Cell (and many GPUs or future whatever) have the ability to do a LOT of math, but they do it on a very tiny amount of data. These vector CPUs have dozens or hundreds of memory controllers. That's a lot of RAM chips, and a lot of copper wires between memory and the CPU. I'm sure the motherboard is dozens of layers thick for all the traces. In short, you can't get all that capability on a commodity processor, because the commodity market won't pay for all the memory bandwidth, which is expensive to engineer, and expensive per-unit.

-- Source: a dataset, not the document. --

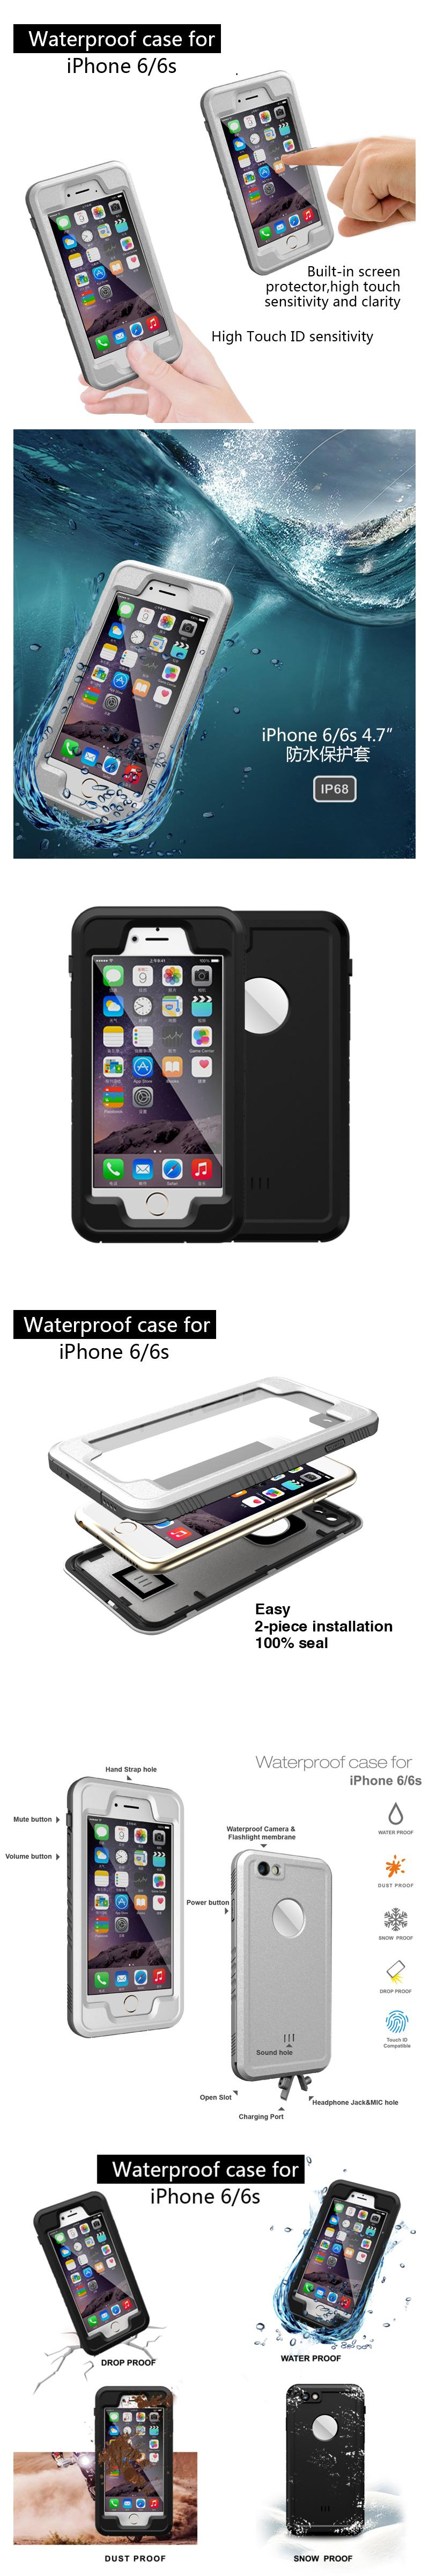 Anti Shock Shockproof Dustproof Underwater Diving Waterproof Phone Love Mei Powerful Bumper Case Xiaomi Mi Note 2 Original 100 Cases Cover For Apple Iphone 6 6s 360

Unless/untill there is a major change in the cost of memory, and memory bandwidth, there will still be a need for special-purpose supercomputing processors. This is not to say that Cray and NEC will continue to be the people to make such a thing. I'm sure IBM could come up with a cell-derived processor with a TON of real memory bandwidth, or maybe Nvidia. The question is: will they want to? I figure there's a lot more money to be made selling videogame consoles than there is at the high-end of the supercomputer market.